TEDx2025


The other day I was explaining Greek orders to my daughter, who was doing her homework on the history of art.
Céleste is 16 and she tells me that she doesn't want to become an architect. However, she is curious enough to ask me why Greek temples always have even numbers of columns.

I explained that when you have an even number of columns, you always have a space in the middle where you can place an entrance. You can call it symmetry.
If you had an odd number of columns, let’s say five for example, you would have a column in the middle, so you would have to place the entrance to the left or right, but not in the middle. So actually it is the entrance that gives the rule.

But there are a few exceptions, and exceptions should confirm the rule, right?
The Basilica at Paestum has nine columns—an odd number of columns—because it has a double entrance. In this way we still see the symmetry.This is a simple way of seeing things.
But actually there is another meaning behind it.
If you consider a column as a plane and the space between columns as a void, you have an even number of planes and an odd number of voids. And in the middle you will have a void.For the Greeks and all other older cultures, the void was more important than the plane. So they always used an even number of columns—at least in cases where they did not have two entrances.

So what is the void that is so important?
The void is a space; it is the emptiness that creates the inside and the outside of every building.Let’s imagine a building like a bottle, and you start to fill it with water. The water that you can fill into the bottle is space—a void, the emptiness.The bottle itself is a plane. It is the materiality of architecture: the construction, the walls, the bricks, the stone, the concrete, the wood. Everything you need to enclose and create the emptiness inside.Of course architecture is both—the bottle and the water.
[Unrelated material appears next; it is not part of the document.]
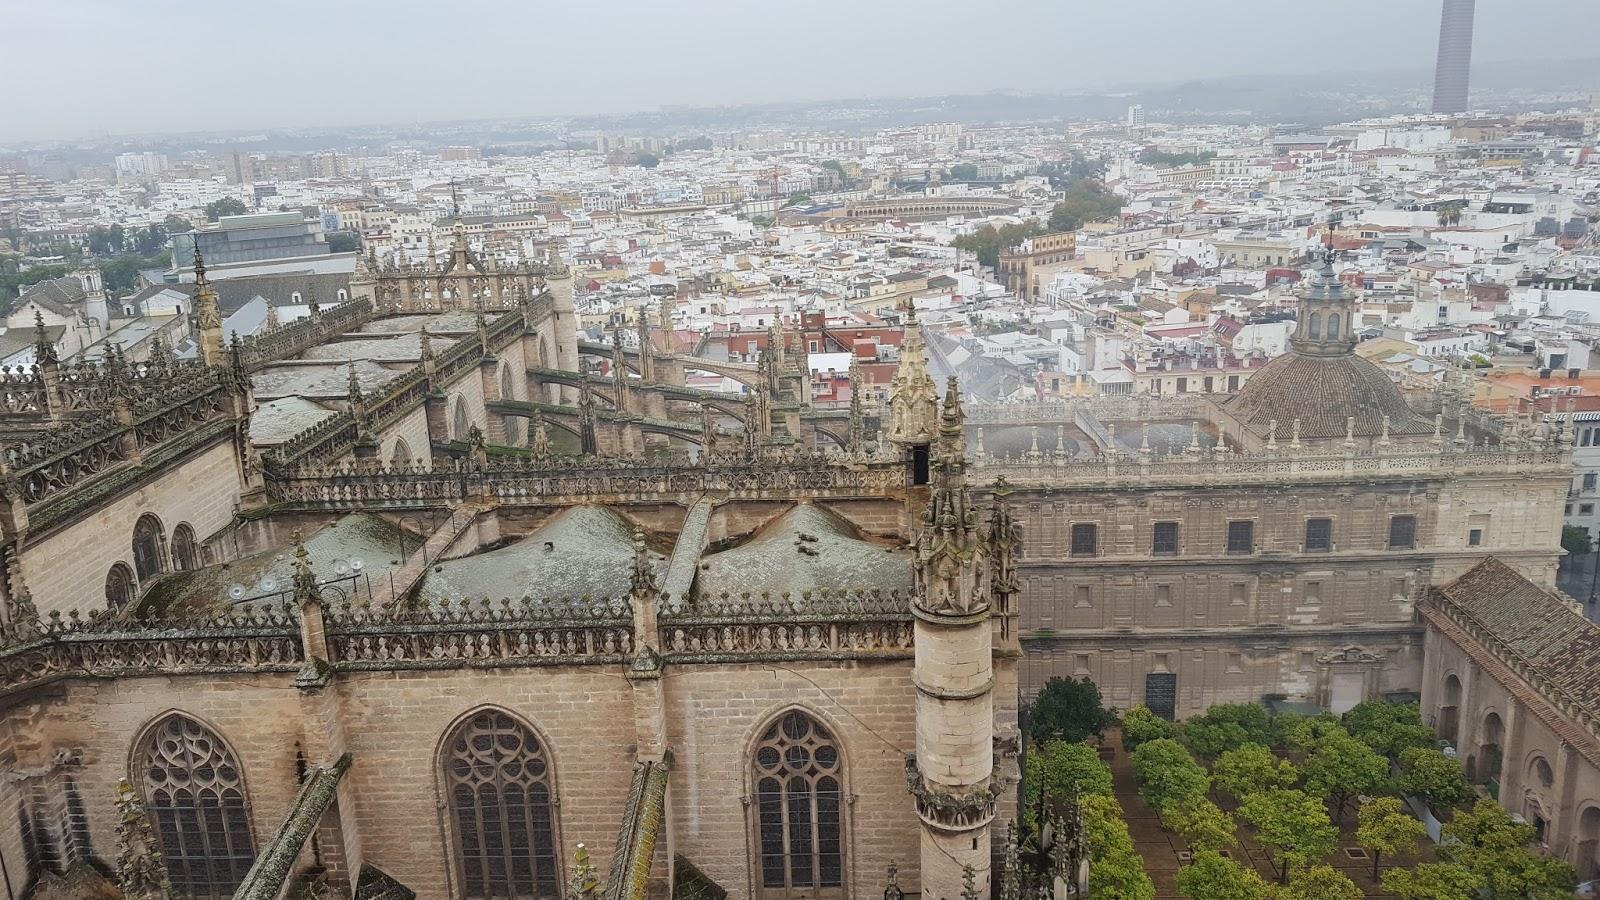 seville cathedral, giralda 풍향계에 대한 이미지 검색결과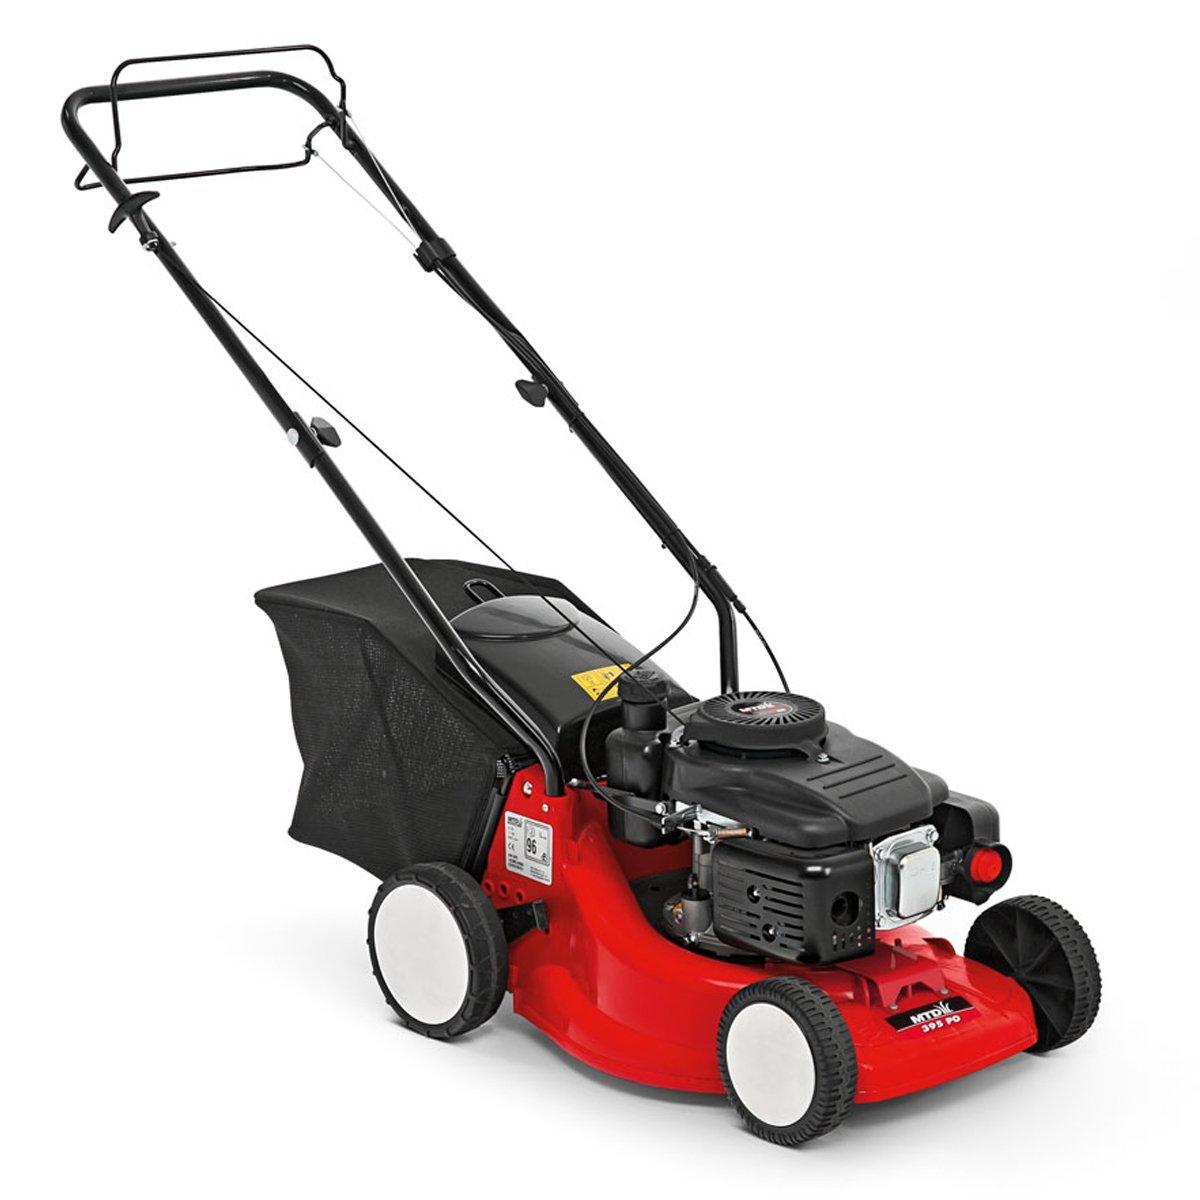 MTD Benzin-Rasenmäher Special Smart 395 SPO

But it is the water that really counts.
You need planes to define, to construct, to frame the void, but it is the void that really matters.

So the void, or emptiness, is the center of any architecture.
Architecture is a work of art, but it is a work of art with an inside that we can live in. The inside can sometimes be an outside, but it is still architecture. In any situation it is space—an emptiness, a void—that is central.It is a simple thing, but to me it was a discovery.

So when we imagine a building, a site, or a project, we have to start with an idea related to the void.
But let’s not forget that every building should have a meaning.So what is the meaning?Meaning is the other side of the void.
Void and meaning are one and the same. You cannot separate them.So let’s conclude that void—space—emptiness should have a meaning.
You can say that the void is more phenomenal, while the meaning is more social.If you start with the idea of the void, you will also have a meaning.
Void and meaning are one and the same, and they are the beginning of architecture.

So what is the next step?We explained that architecture starts with the idea of space, which is the idea of the meaning of the future building.After that you have to define and decide the programme, which is actually a very practical thing. You imagine rooms and spaces that a certain programme may need.After you dispose or compose all the elements that the project needs to reach the unity you have in mind, you will start to articulate.

Articulation is a very important process, which means finding and maybe reaching “what the building wants to be.”The most common mistake in architectural practice is wanting to do something precise at any cost. I illustrate it with the image of someone trying to fit an elephant into a small car.Articulation is a way to understand what the building wants to become. When you do, you simply follow that path until you reach the moment when you feel you have reached unity—and then you stop.

Because architecture is rational and intuitive at the same time.
With rationality you can conceive parts, but it is only with intuition that you can feel the unity.Architecture can be many things at the same time, but the only thing that cannot be anything else but architecture is the feeling of space—the feeling of beauty in space. 

So what is beauty in architecture?Beauty is the feeling of harmony—a moment when all the composing elements have reached equal relationships with one another, and this harmony becomes visible.Beauty is the manifestation of love. Without love there is no architecture, only meaningless and endless constructions that unfortunately fill and destroy our environment.